Mitochondrial DNA is passed down exclusively from the mother. It is circular (as opposed to the linear DNA in the nucleus), and its genome contains 37 genes that code for the production of 13 proteins, 22 tRNAs, and 2 rRNAs. The mitochondrial genome also has a higher mutation rate when compared to the nuclear genome - about 100 times higher. 

While not every genetic mutation is bad, there are some mutations in mitochondrial DNA that can result in devastating diseases. If a mother has mitochondrial DNA containing mutations which cause harmful diseases, they will be passed on and could potentially cause illness in the child. In the past, some women have opted out of having children in order to prevent passing down those mutations. Now, scientists may have found a solution for those women looking to start a family.


Mitochondrial DNA is passed down via the egg. The DNA in the nucleus inside the egg is a combination between mother and father. To avoid using the mother’s egg which could pass down potentially deleterious mutations, a second female is required. The nucleus is removed from the donor egg and is replaced by the nuclear DNA of the mother. Sperm from the father is then injected into the egg, fertilizing it. The embryo can then be implanted into the mother with the mitochondrial mutations, and it will progress with a normal pregnancy and delivery.

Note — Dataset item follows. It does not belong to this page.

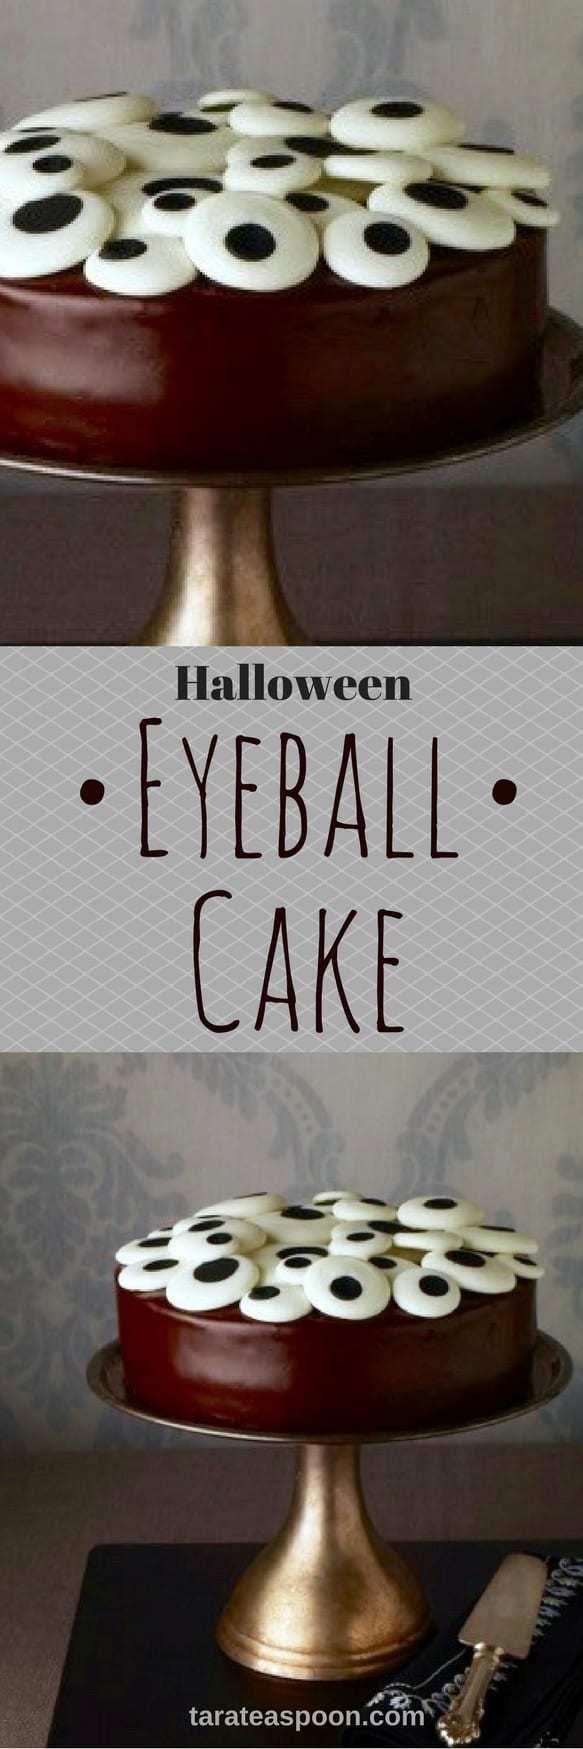 eyeball cake long pin

Surprisingly enough, this concept isn’t new. Three-parent IVF has been performed on rhesus monkeys, who are alive and healthy four years later. Earlier this year, it was demonstrated that this technique is possible to do with human cells as well, though there have been some ethical concerns.

Last week, the FDA began to discuss the ethical, legal, and technical obstacles that will inherently come with human trials and clinical practice of this technique. Many speculate that it will gain approval.